Charles Glenn, Jr.
Charles L. Glenn is a professor of Educational Leadership and Development and former dean of the School of Education at Boston University, where he teaches courses in education history and comparative policy. From 1970 to 1991 he was director of urban education and equity efforts for the Massachusetts Department of Education, including administration of state funding for magnet schools and desegregation, and initial responsibility for the nation's first state bilingual education mandate and for the state law forbidding discrimination in education.
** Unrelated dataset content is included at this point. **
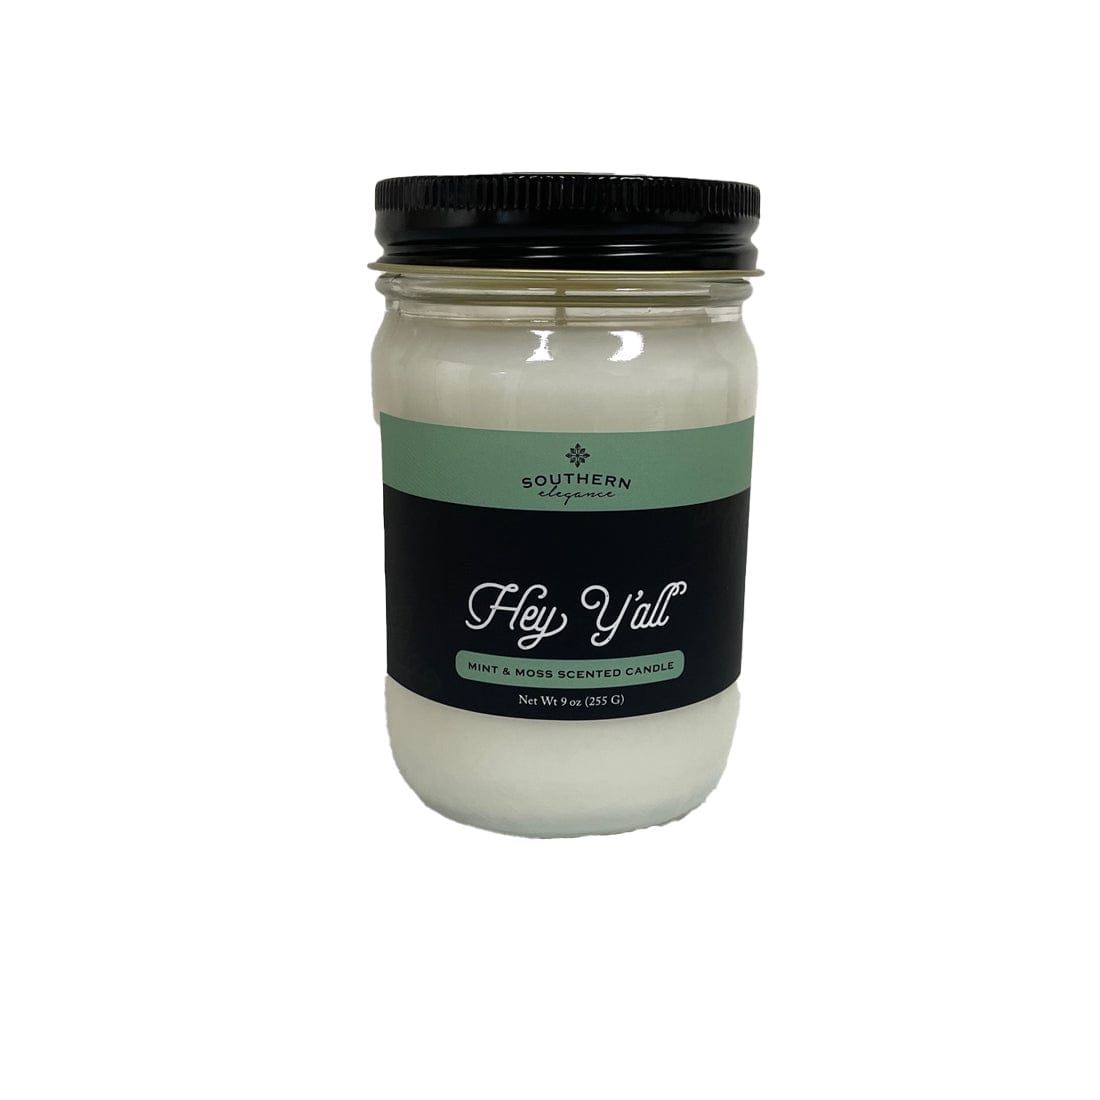 Southern Elegance Candle Co Southern Elegance Candle Co Hey Y all 9 oz Candle

He is a member of the Massachusetts State Advisory Committee to the United States Commission on Civil Rights.
Glenn is the author of several books, including:
- The Myth of the Common School (1988; 2002; Italian, 2004; Spanish, 2006; Portuguese, 2012)
- Choice of Schools in Six Nations (1989)
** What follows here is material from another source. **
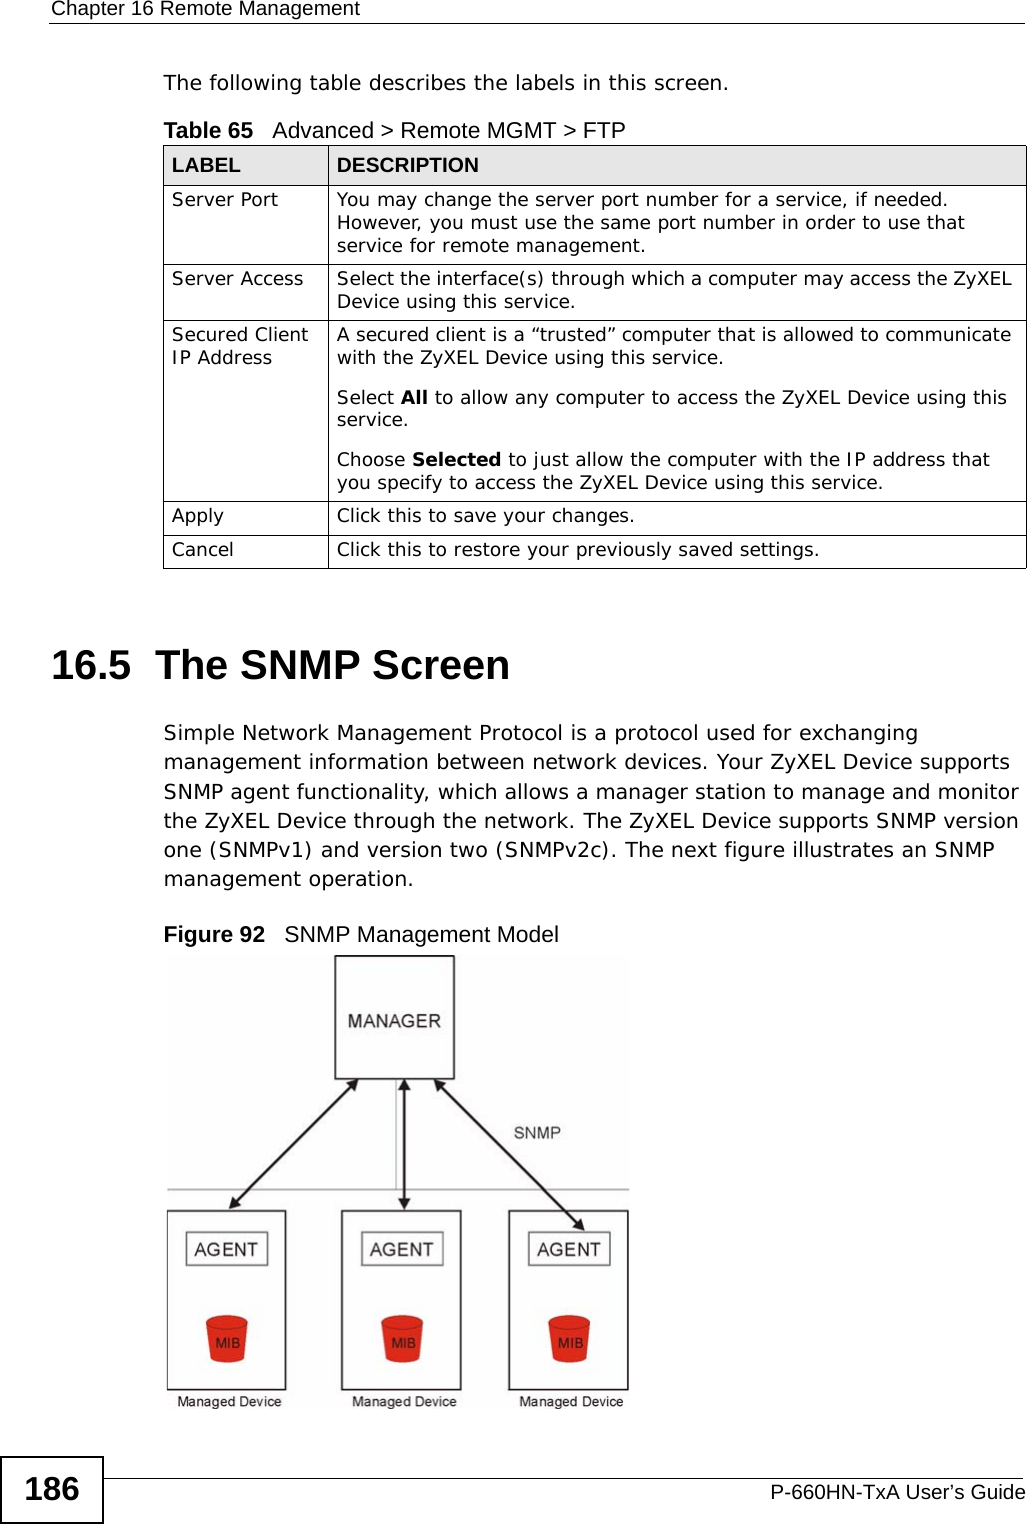 Chapter 16 Remote ManagementP-660HN-TxA User’s Guide186The following table describes the labels in this screen. 16.5  The SNMP ScreenSimple Network Management Protocol is a protocol used for exchanging management information between network devices. Your ZyXEL Device supports SNMP agent functionality, which allows a manager station to manage and monitor the ZyXEL Device through the network. The ZyXEL Device supports SNMP version one (SNMPv1) and version two (SNMPv2c). The next figure illustrates an SNMP management operation.Figure 92   SNMP Management ModelTable 65   Advanced &gt; Remote MGMT &gt; FTPLABEL DESCRIPTIONServer Port You may change the server port number for a service, if needed. However, you must use the same port number in order to use that service for remote management.Server Access Select the interface(s) through which a computer may access the ZyXEL Device using this service.Secured Client IP Address A secured client is a “trusted” computer that is allowed to communicate with the ZyXEL Device using this service. Select All to allow any computer to access the ZyXEL Device using this service.Choose Selected to just allow the computer with the IP address that you specify to access the ZyXEL Device using this service.Apply Click this to save your changes.Cancel Click this to restore your previously saved settings.

- Educational Freedom in Eastern Europe (1994, 1995)
- Educating Immigrant Children: Schools and Language Minorities in Twelve Nations (1996)
- The Ambiguous Embrace: Government and Faith-based Schools and Social Agencies (2000)
- Balancing Freedom, Autonomy, and Accountability in Education (2004), in three volumes covering 40 countries — a revised and expanded version of Finding the Right Balance: Freedom, Autonomy and Accountability in Education (2002), coauthored with Jan De Groof, which has been published in Italian and in English for distribution in Eastern Europe
- Contrasting Models of State and School: A Comparative Historical Study of Parental Choice and State Control (2011), about educational policy in the Netherlands and Belgium, Germany, and Austria
- Native American/First Nations Schooling: From the Colonial Period to the Present (2011)
- African American/Afro-Canadian Schooling: From the Colonial Period to the Present (2011)
His book-in-progress is on the harmful influence of certain ideas about education. He is also the author of hundreds of articles, encyclopedia entries, book chapters, and monographs on education policy.
Glenn is active in educational policy debates in the United States and Europe, is vice president of OIDEL (the Geneva-based international organization promoting educational freedom), a member of the boards of the European Association for Education Law Policy and the Council for American Private Education. He has served as a consultant to the Russian and Chinese education authorities, and to states and major cities across the United States, and as an expert witness in federal court cases on school finance, desegregation, bilingual education, and church-state relations in education. Glenn's BA and EdD degrees are from Harvard, and his PhD is from Boston University.